At his trial, Hastings testified that Lillie Hattery suffered from an injured ankle, which he treated with electrical stimulation.  He claimed that she appeared in good health until the very last moment before she succumbed to what he assumed must have been an internal abnormality such as a diseased heart or some other affliction.  Although the prosecution presented evidence of perjury and intimidation of witnesses on the part of both Hastings and his nurse, along with surgical instruments found in Hastings’ offices that were commonly used for abortion procedures, as well as closed court testimony from a young woman who had recently undergone the criminal operation in Hastings’ care and had almost died, the jury still found Hastings innocent in the death of Lillie Hattery.

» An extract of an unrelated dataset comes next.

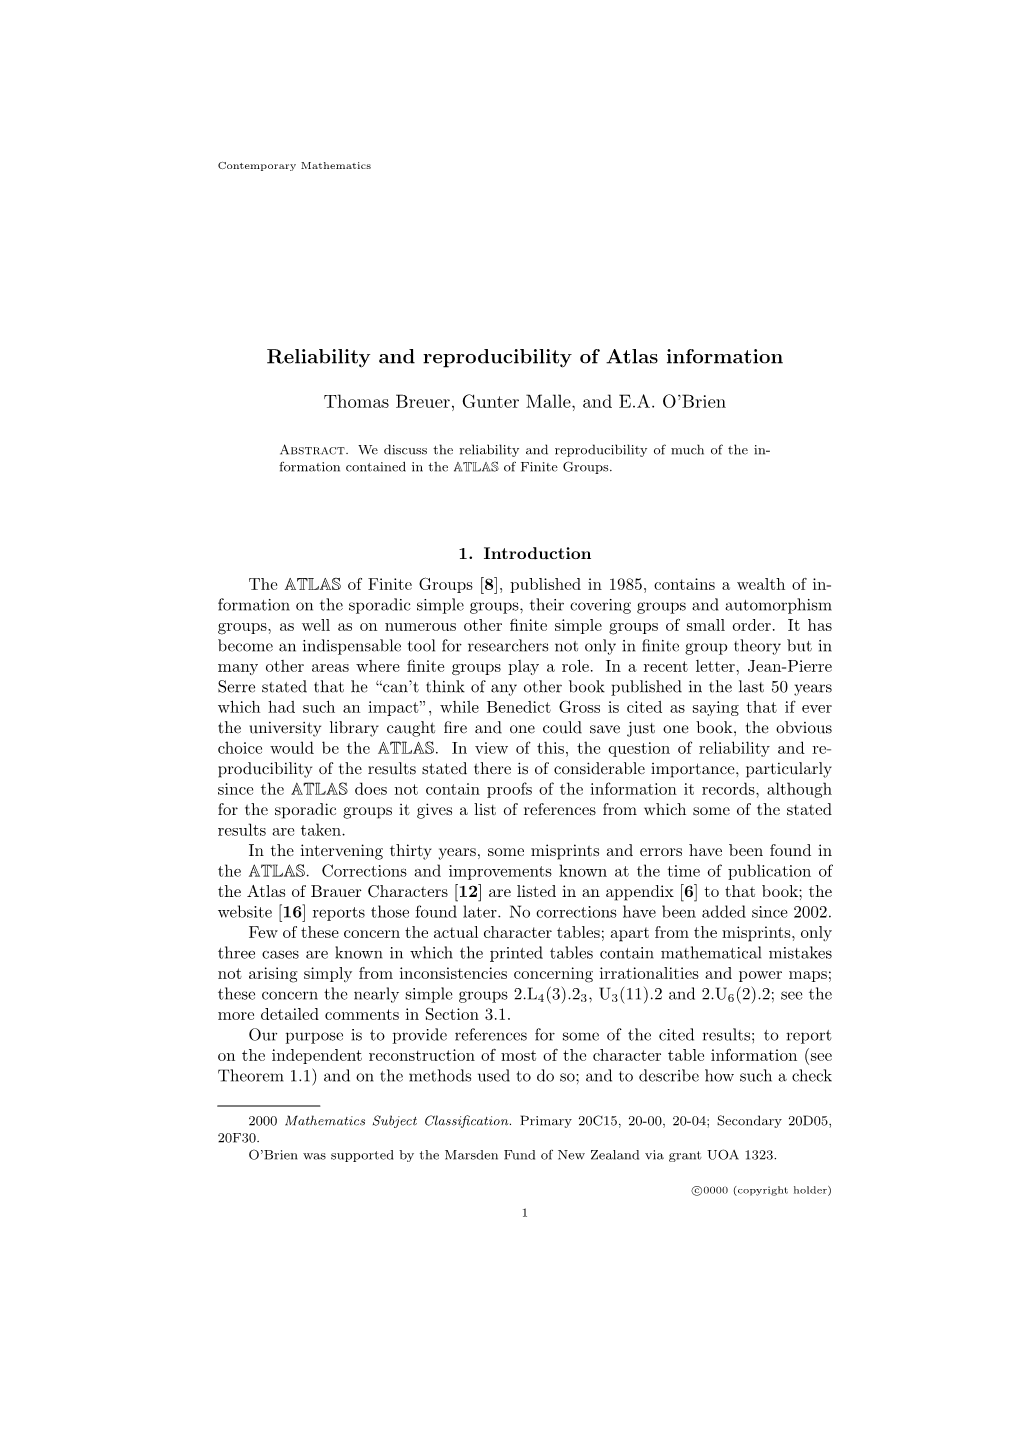 Reliability and Reproducibility of Atlas Information
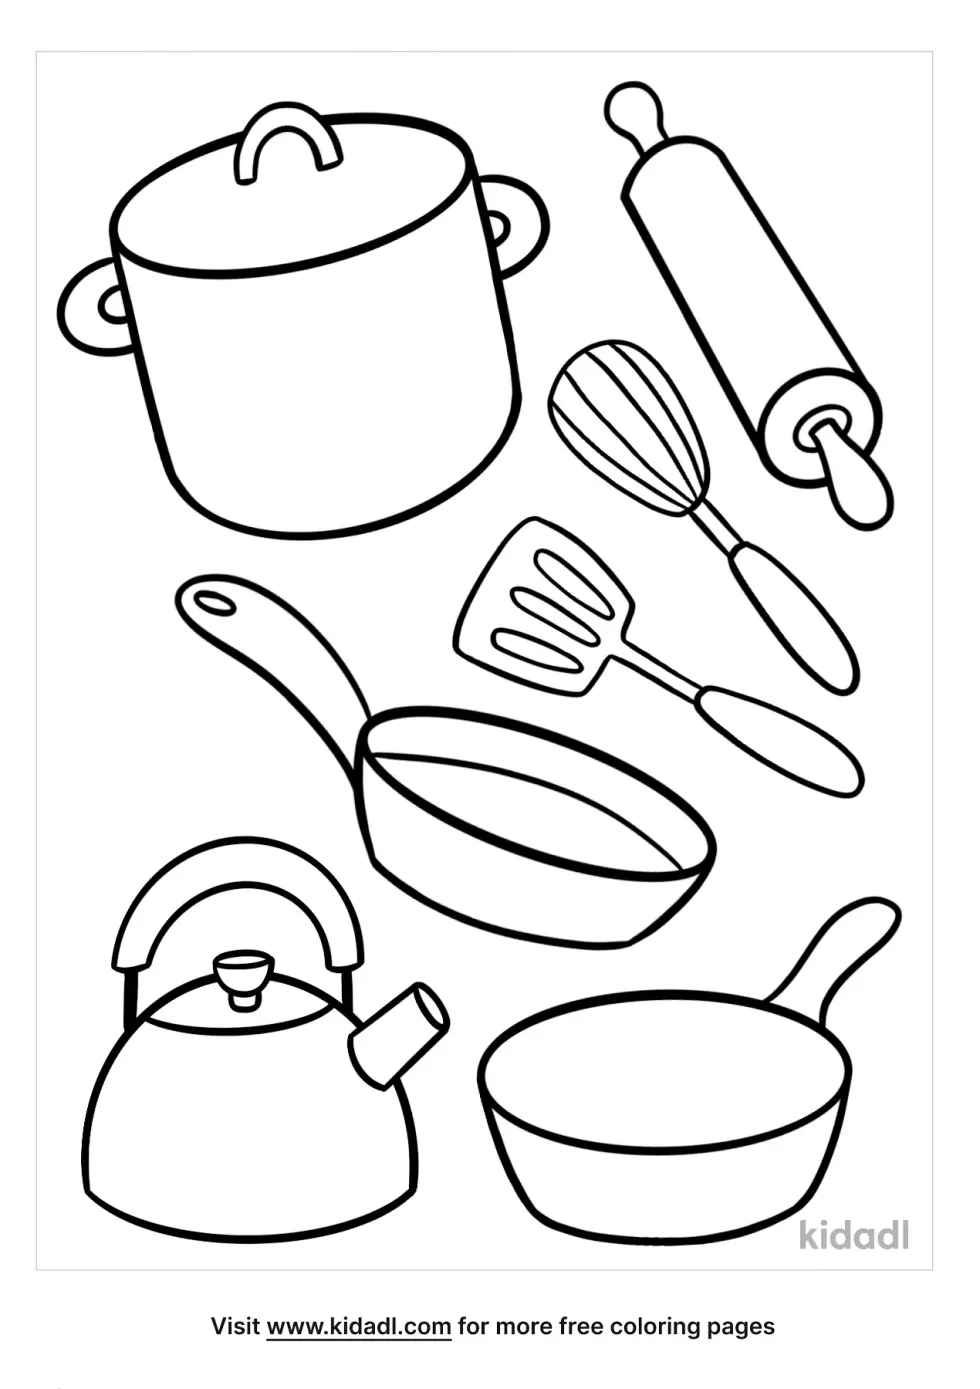 Cooking Utensils Coloring Page

Hastings was even able to post bond during the trial, thanks to the generosity of a female admirer, and re-located his Medical Electrician clinic for business down the street in the Hammond Block at 120 1/2 South Spring.  Hastings’ Medical Electrician Clinic’s Grand Opening so provoked a dentist in residence there that the man came to blows with the rental agent, and promptly moved out of the disgraced office building, where, he claimed, no decent woman would now darken a door.


Spring Street, looking south from First Street 1900-1910
USC Digital Archive

After his acquittal, Hastings married the woman who posted his bond.  In later years she turns up as one of the many sufferers who find miraculous relief at the hands of the great healer, Rama, of the Rama Institute at 305 ½ South Spring Streets, Los Angeles. One can only wonder why Mrs. Hastings’ own husband was unable to heal her deafness with his electrical stimulation.


LA Times Historical Archives

Dr. Calvin S. Hastings was still practicing medicine without a license in 1911 when the state attorney filed a complaint against him during a campaign to shut down so-called “Quack Chink Doctors.”